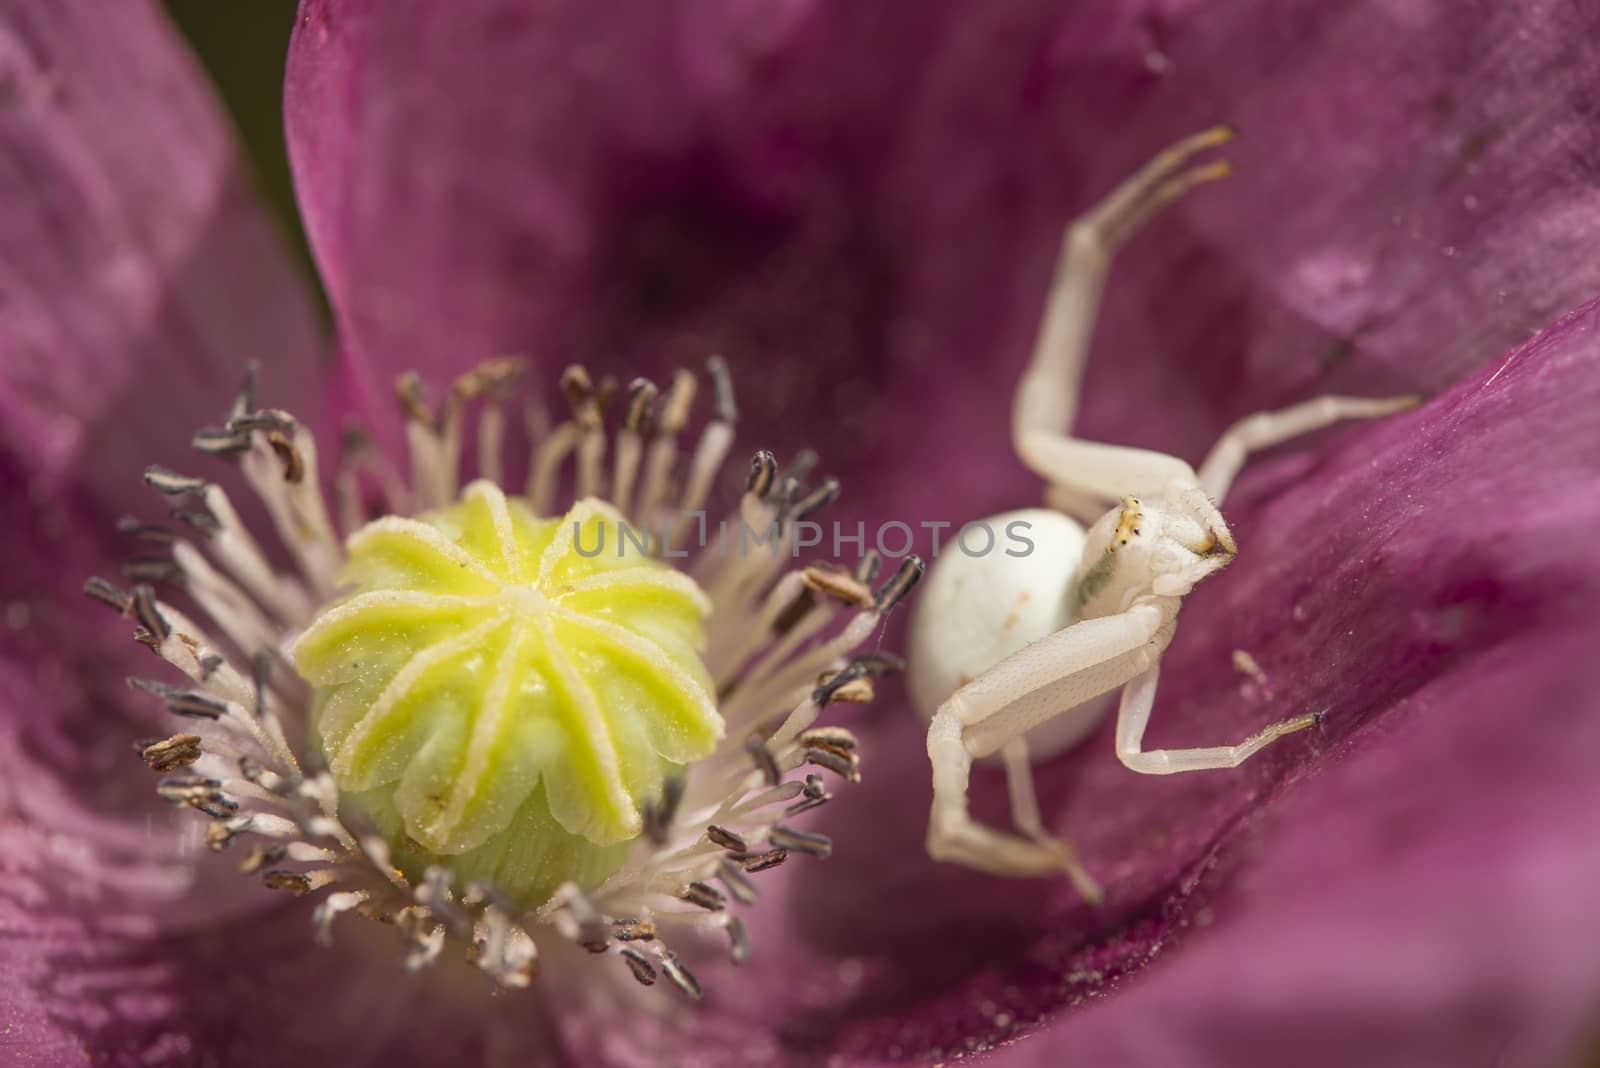 Crab spider on opium poppy flower by AlessandroZocc
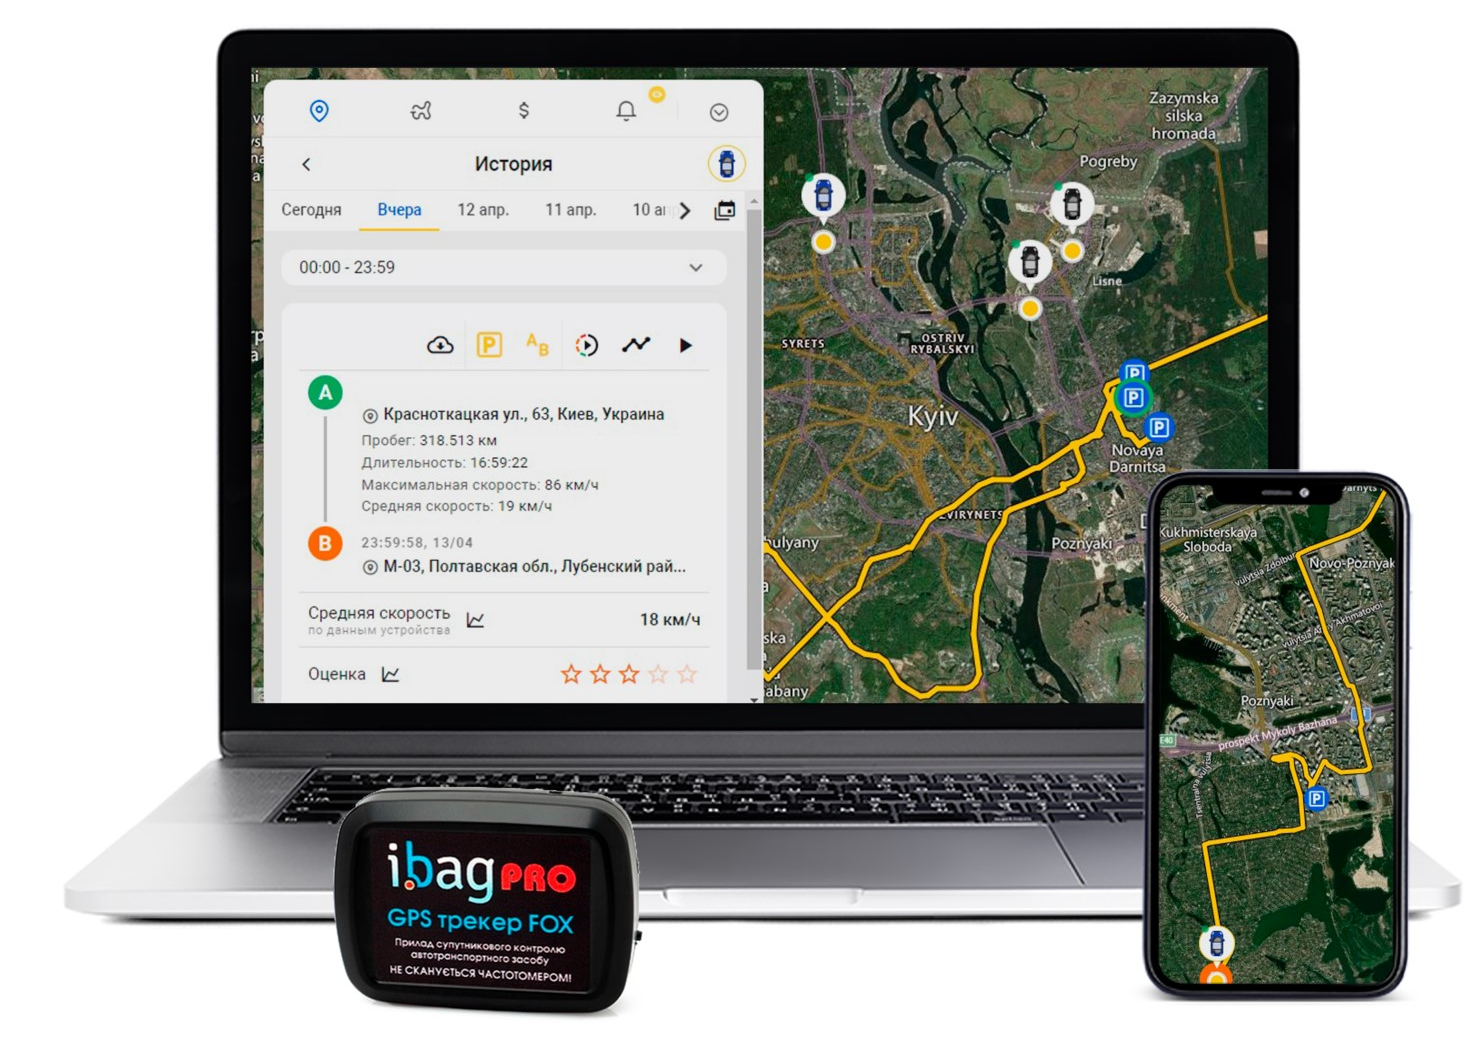 GPS tracking app
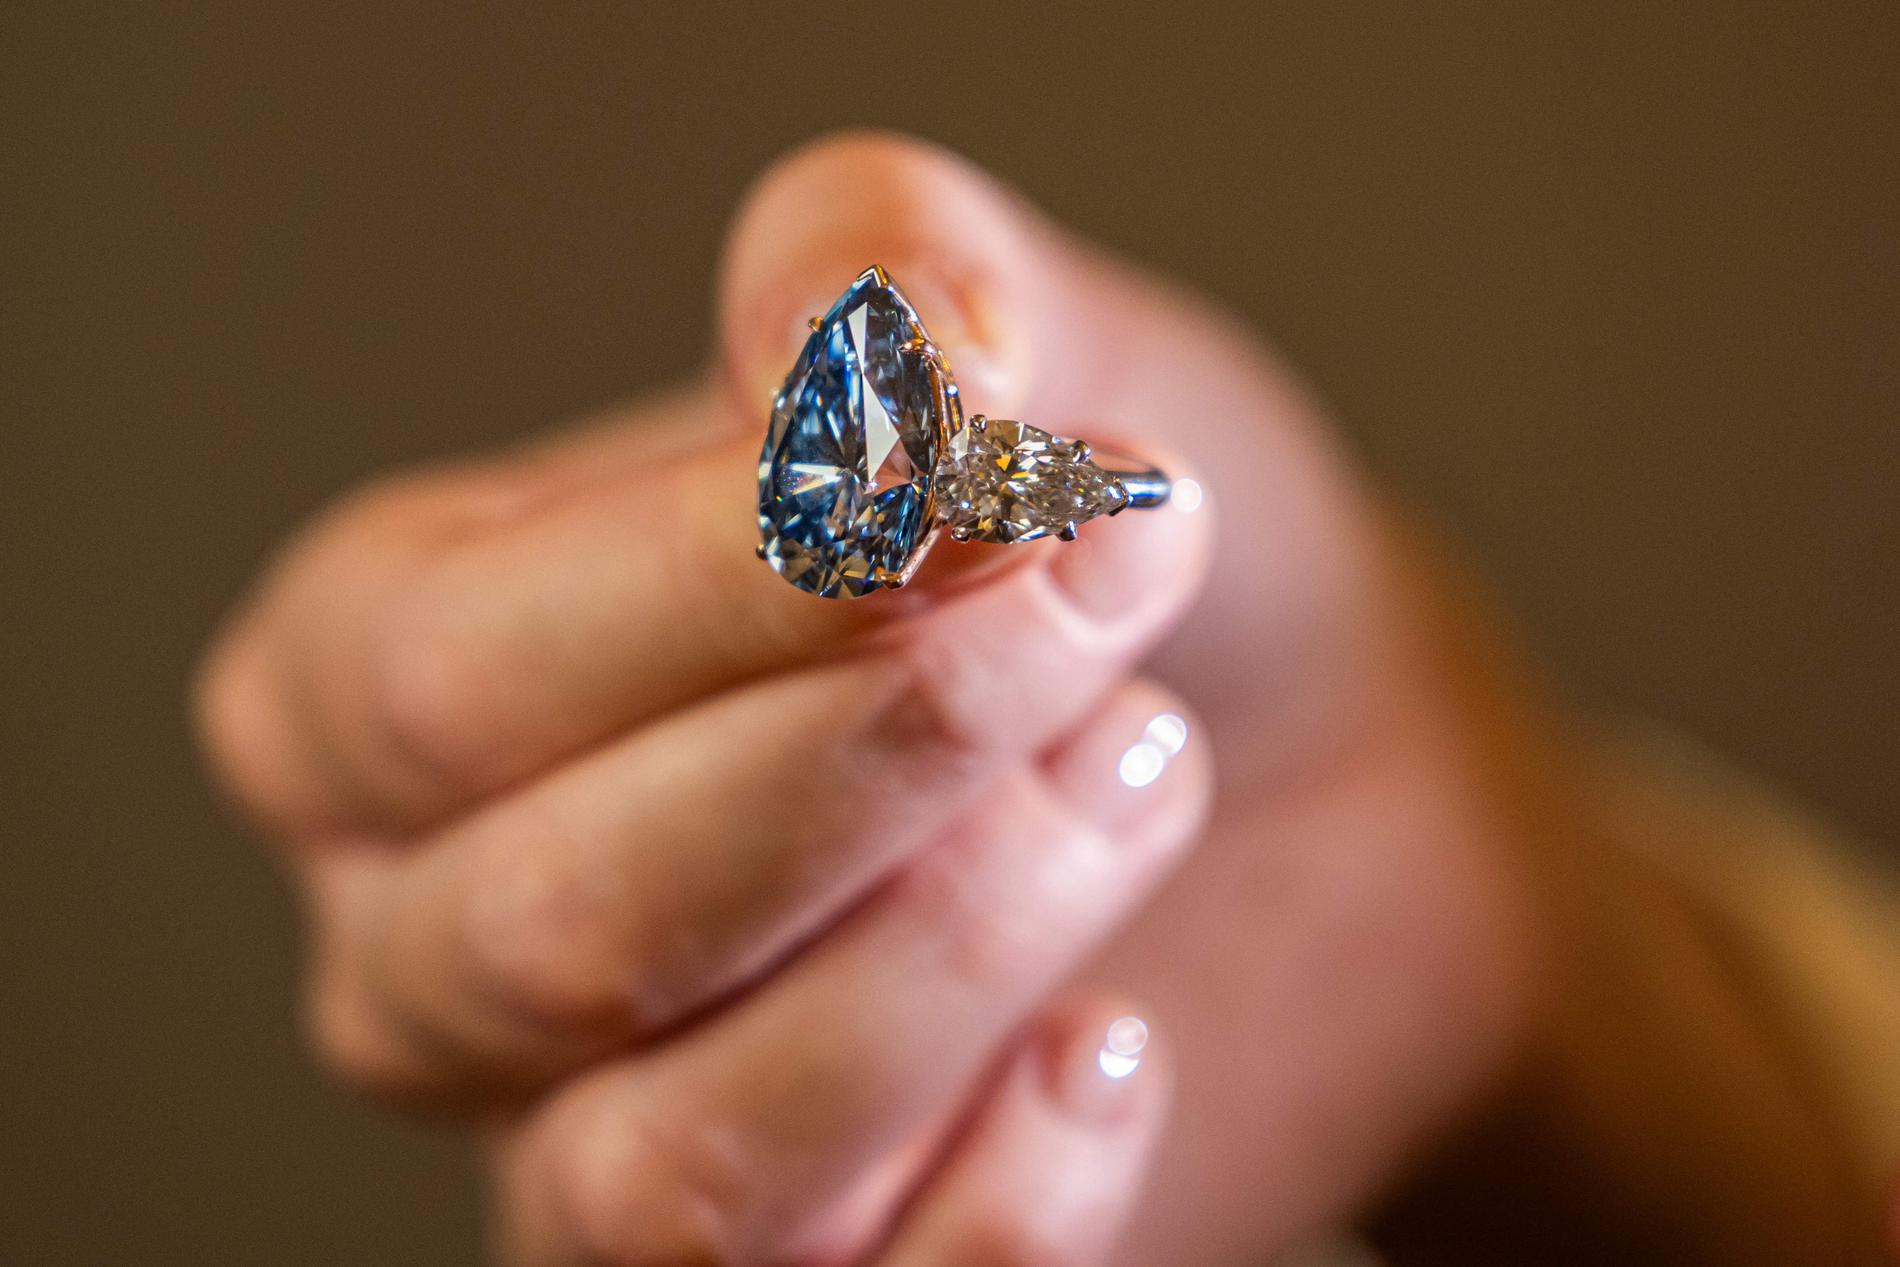 Vivid Blue Diamond ‘Bleu Royal’ Sets Auction Record at Christie’s

▸ **Assignment**: Would you retype the material exactly, omitting each picture?

▸ **Task response**:
 Crab spider on opium poppy flower by AlessandroZocc
 GPS tracking app
 Vivid Blue Diamond ‘Bleu Royal’ Sets Auction Record at Christie’s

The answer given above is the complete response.